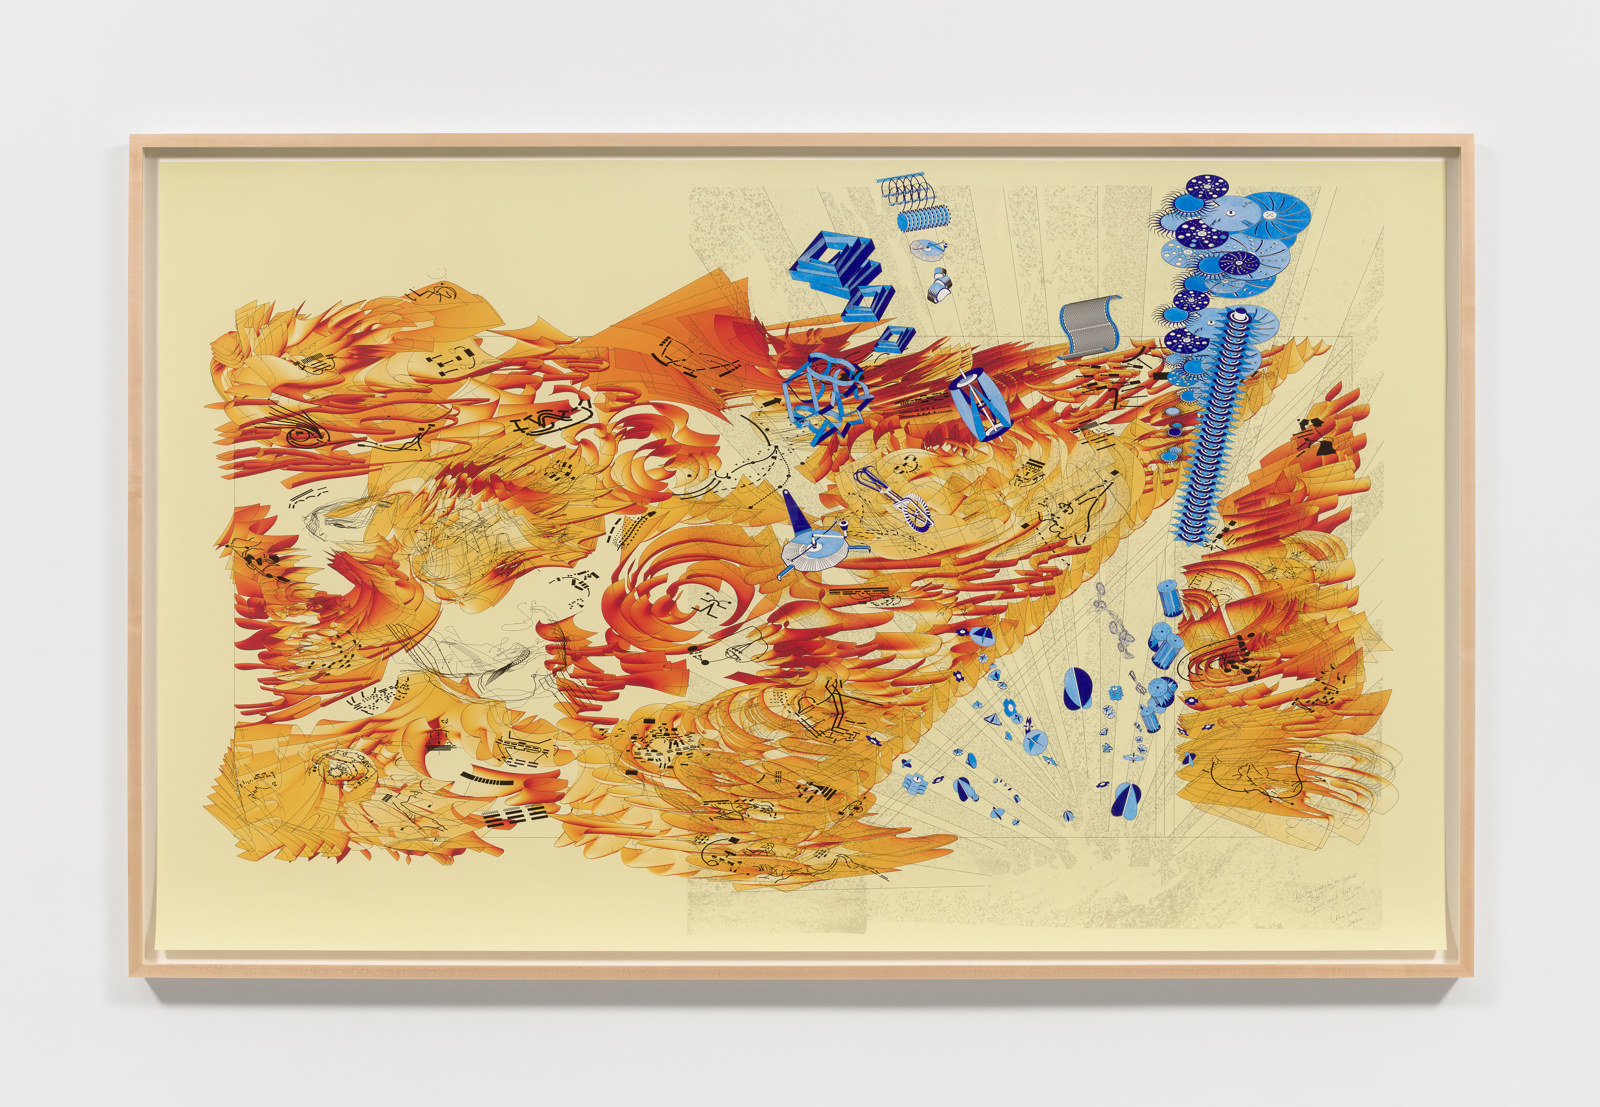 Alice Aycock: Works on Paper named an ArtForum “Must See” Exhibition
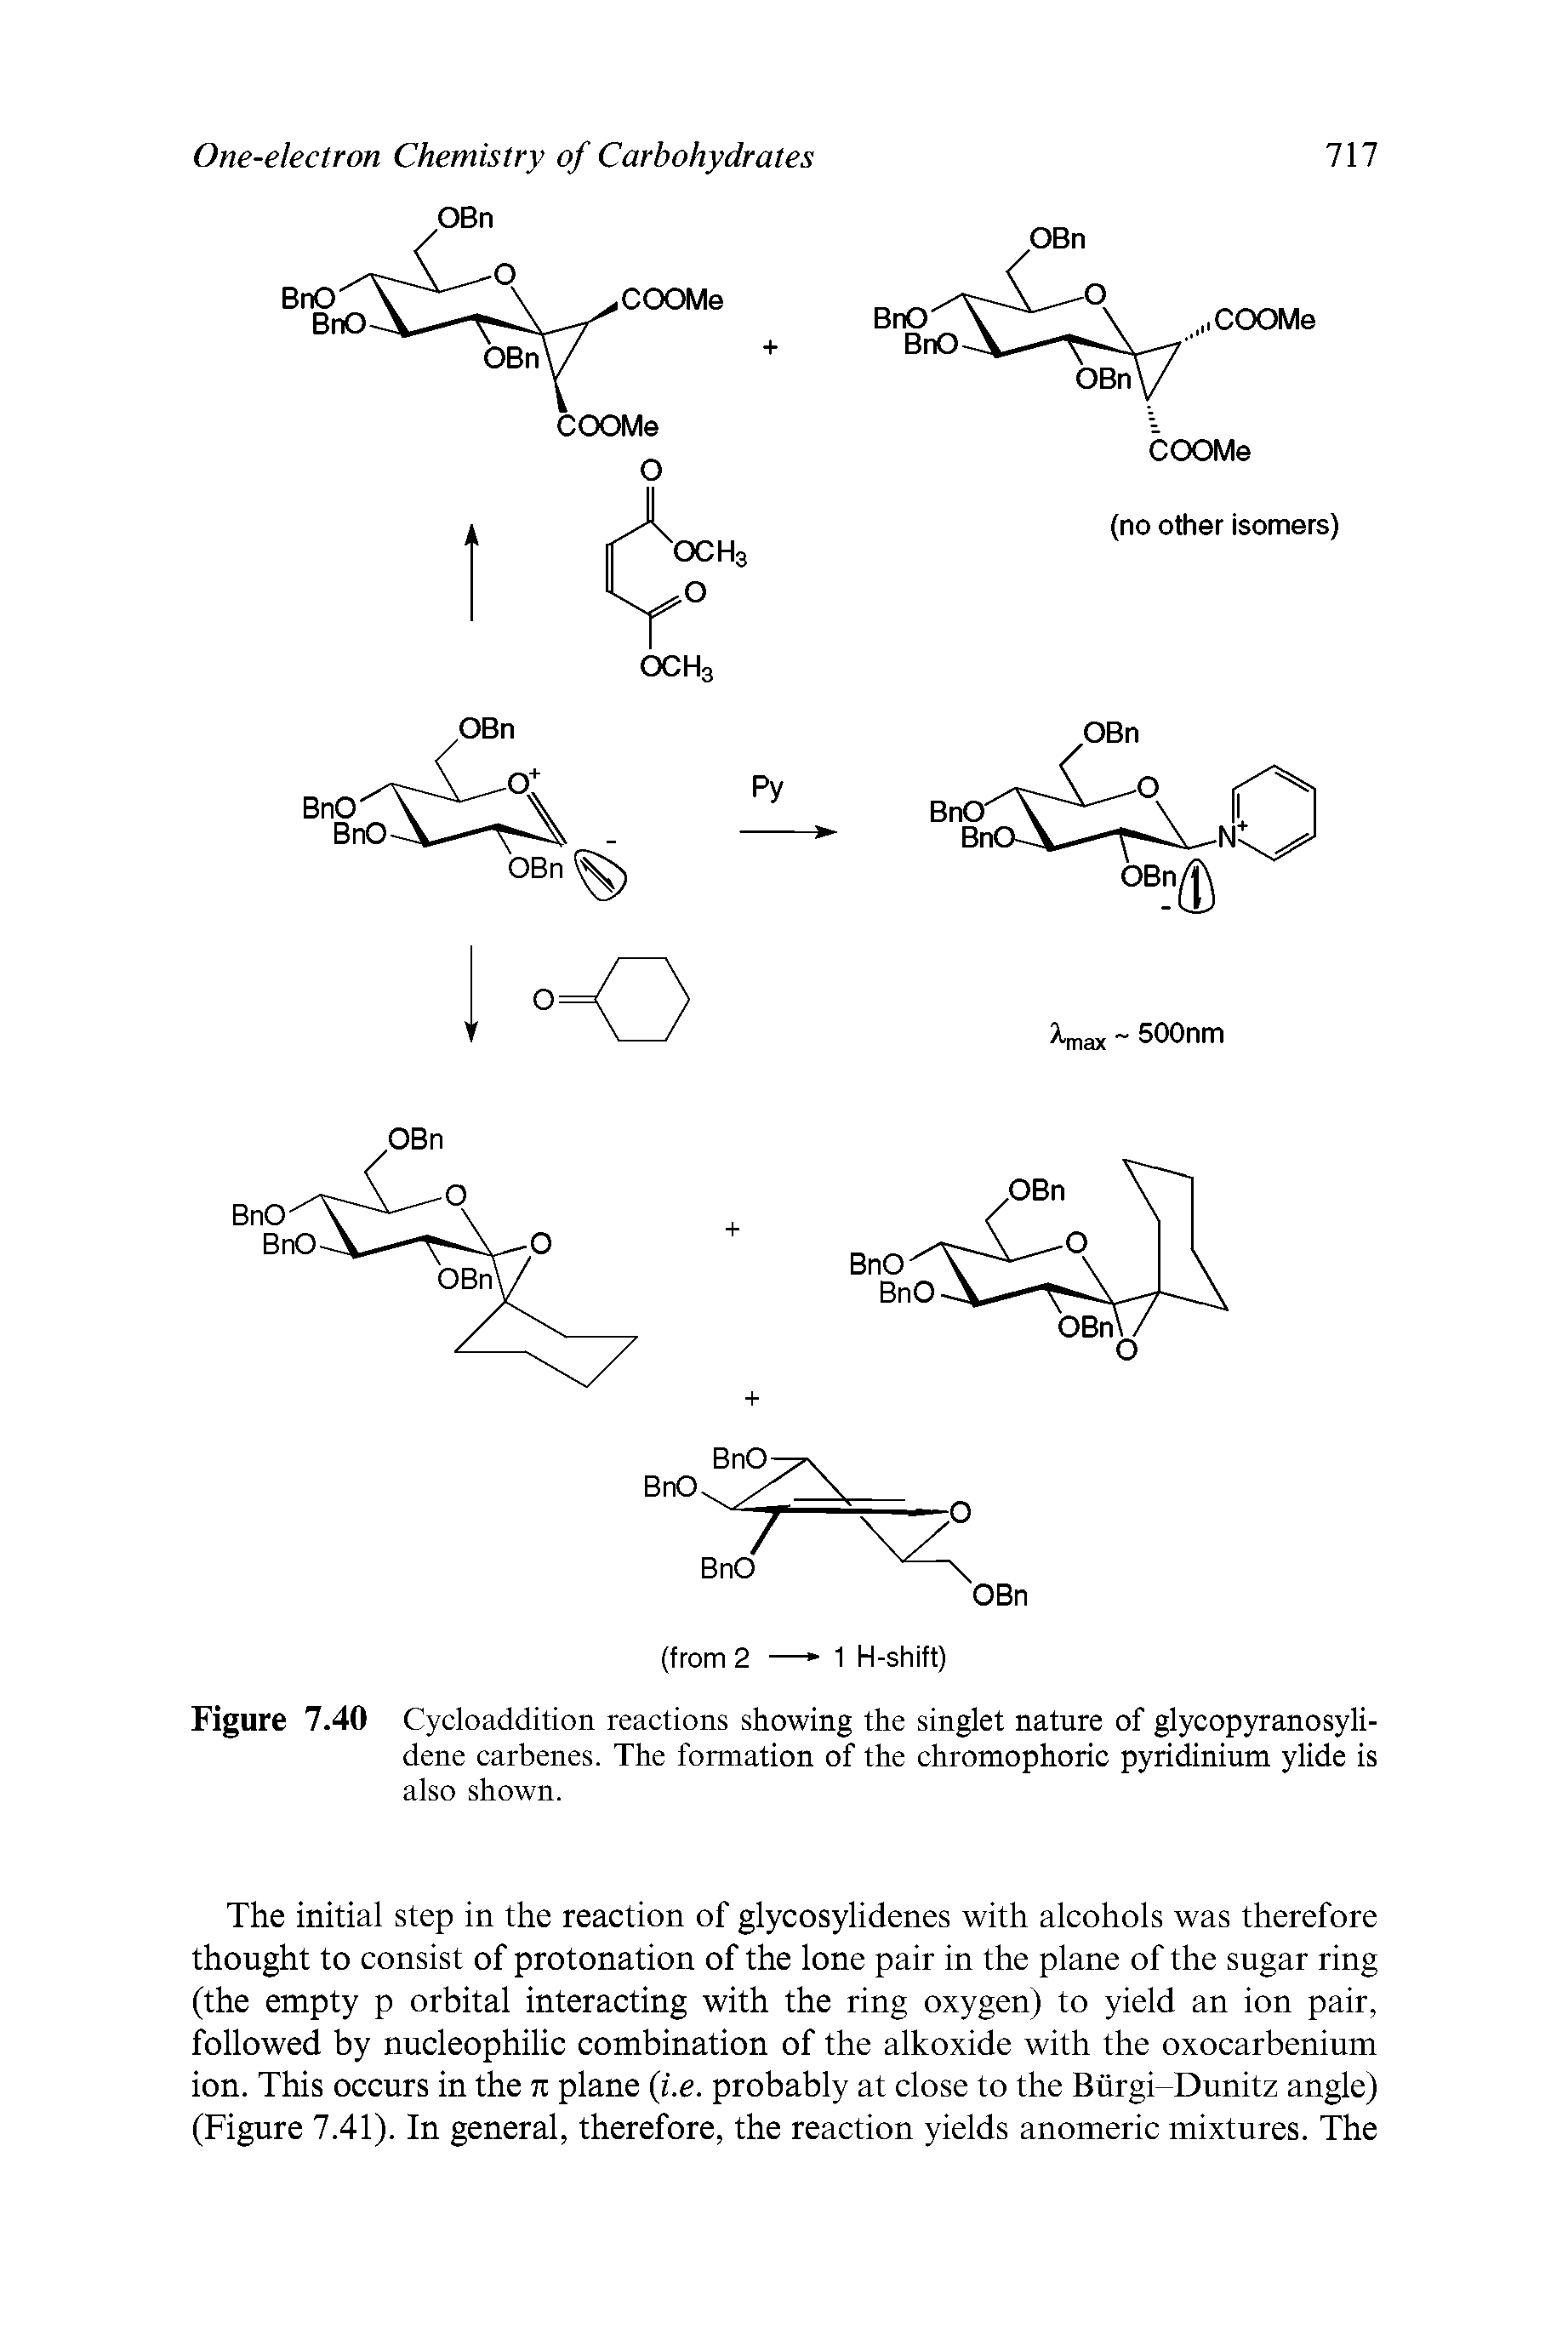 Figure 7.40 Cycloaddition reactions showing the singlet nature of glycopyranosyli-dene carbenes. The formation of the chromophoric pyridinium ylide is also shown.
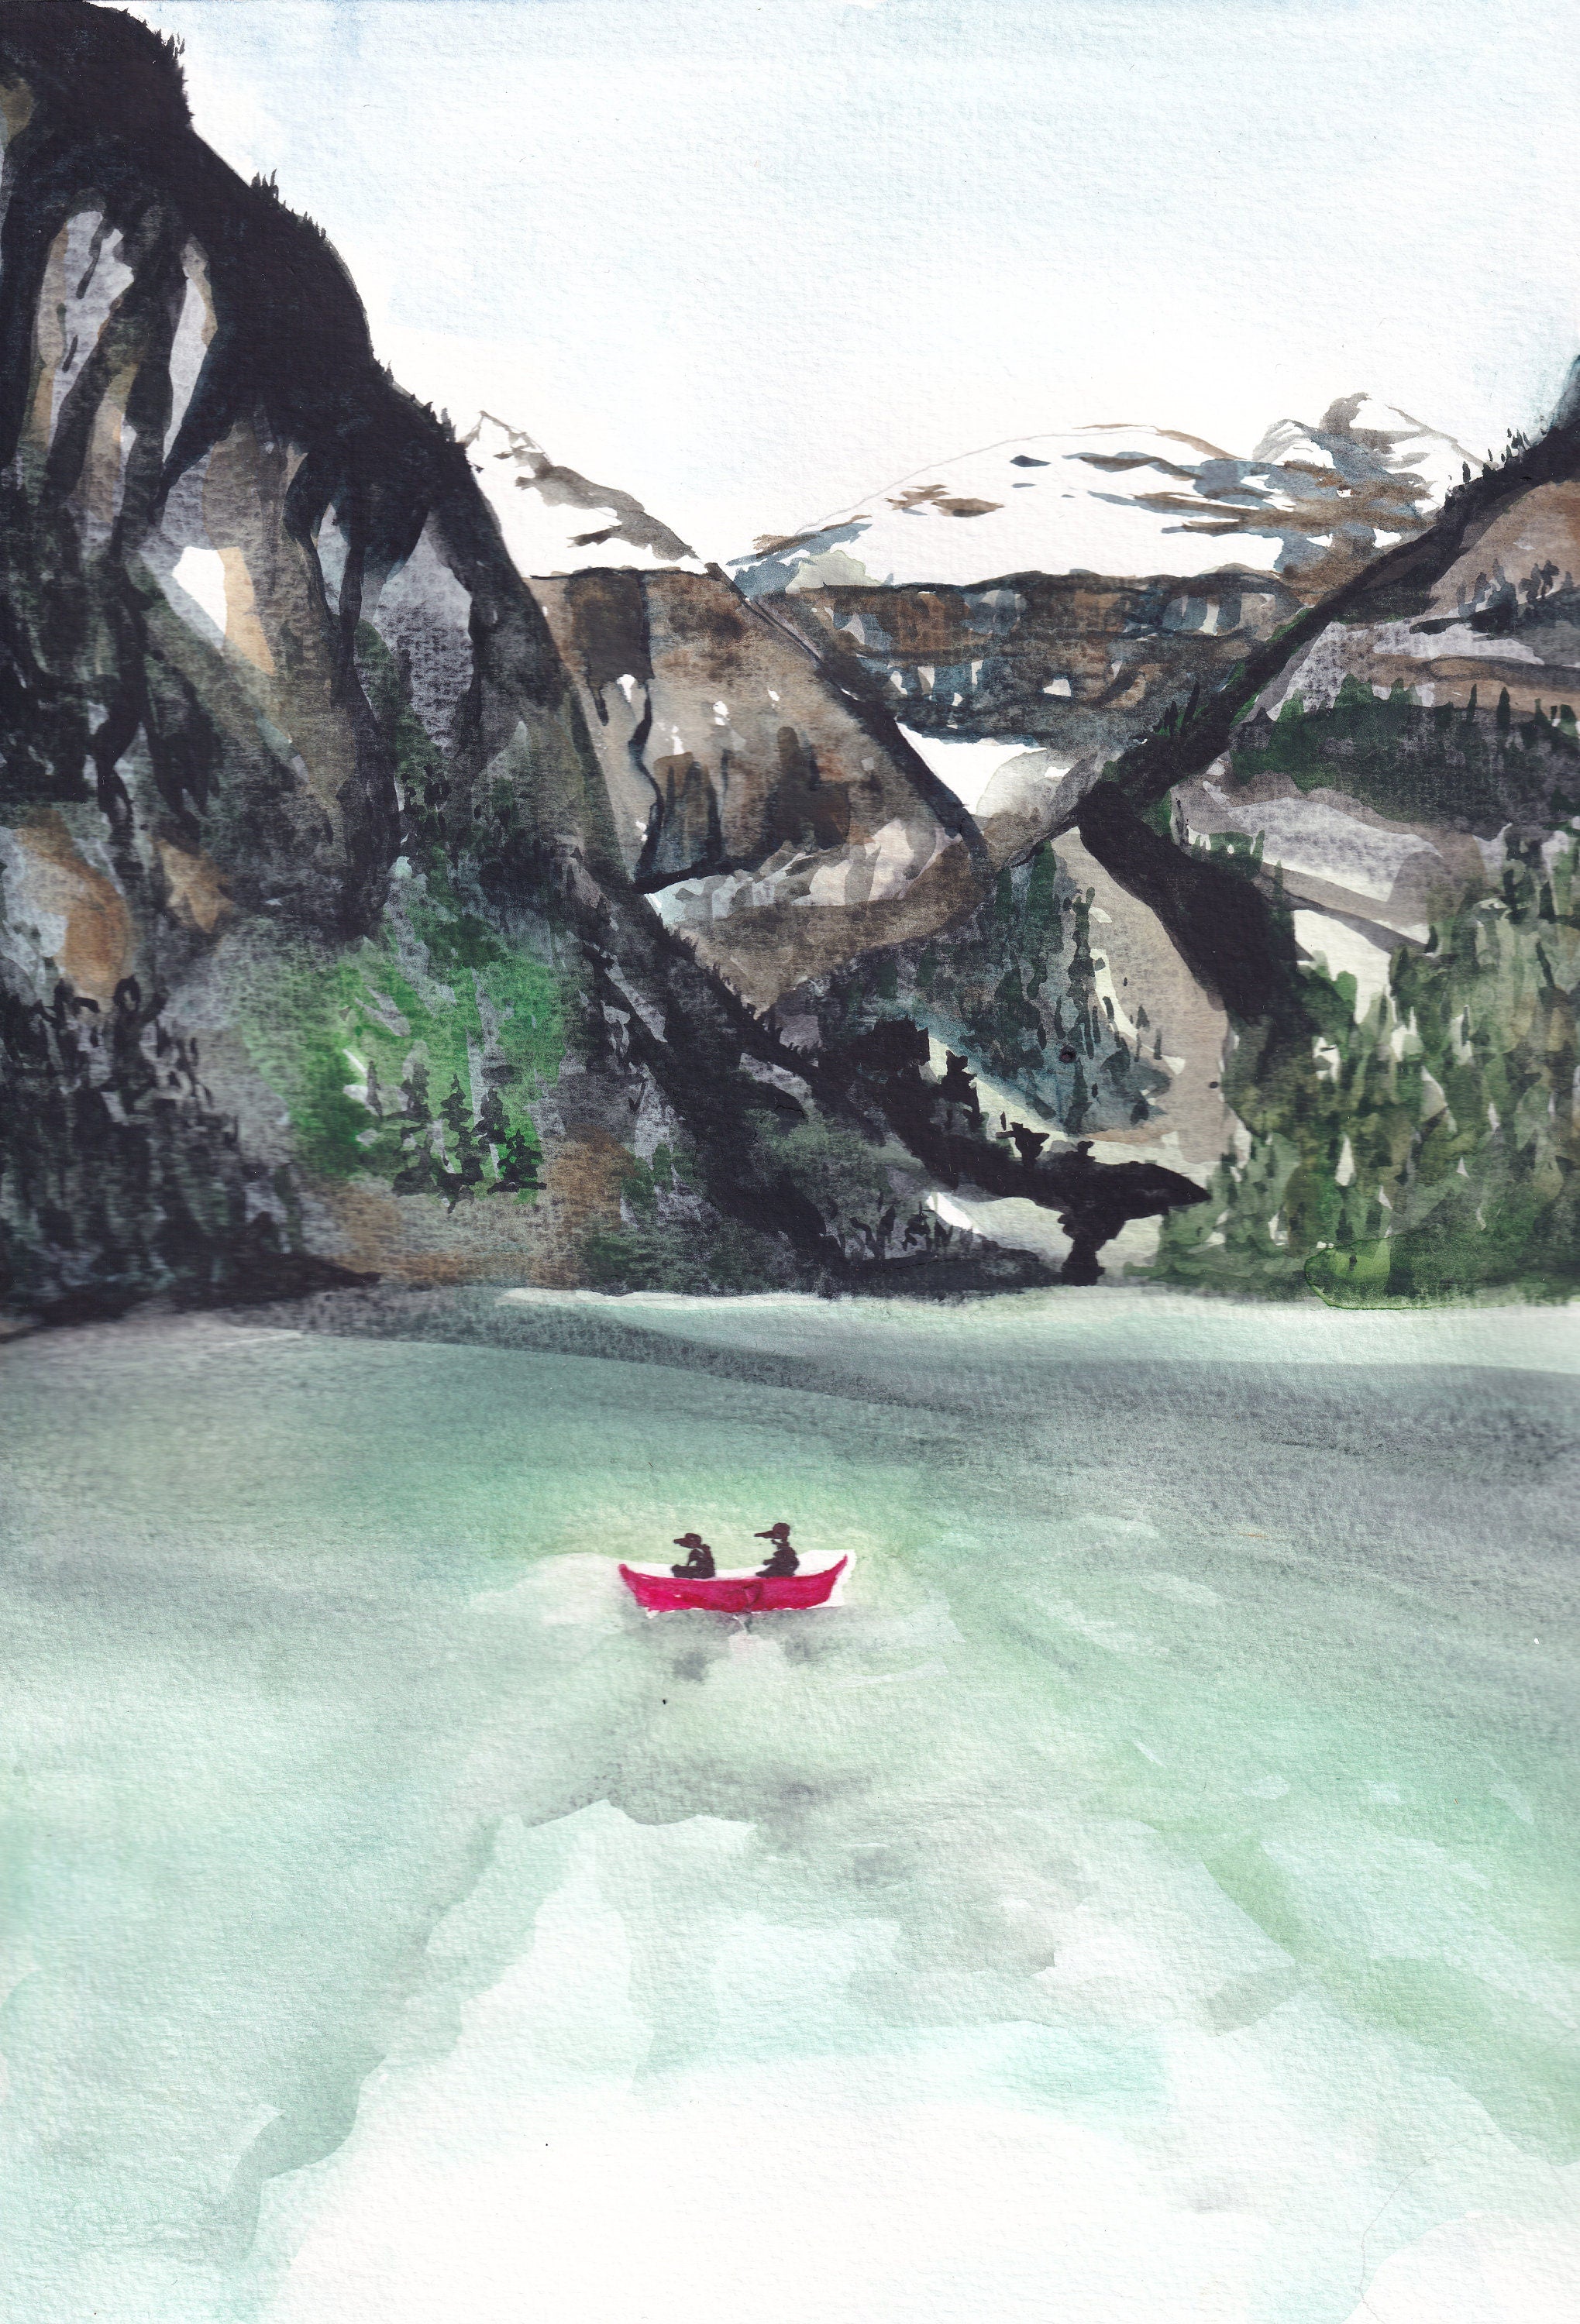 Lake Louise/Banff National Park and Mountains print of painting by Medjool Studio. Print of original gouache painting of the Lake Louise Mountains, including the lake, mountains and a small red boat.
━━━━
*TASK GOAL:* Print the data above exactly; drop every picture.

*SOLUTION FOR THIS EXERCISE:*
 Alice Aycock: Works on Paper named an ArtForum “Must See” Exhibition
 Figure 7.40 Cycloaddition reactions showing the singlet nature of glycopyranosyli-dene carbenes. The formation of the chromophoric pyridinium ylide is also shown.
 Lake Louise/Banff National Park and Mountains print of painting by Medjool Studio. Print of original gouache painting of the Lake Louise Mountains, including the lake, mountains and a small red boat.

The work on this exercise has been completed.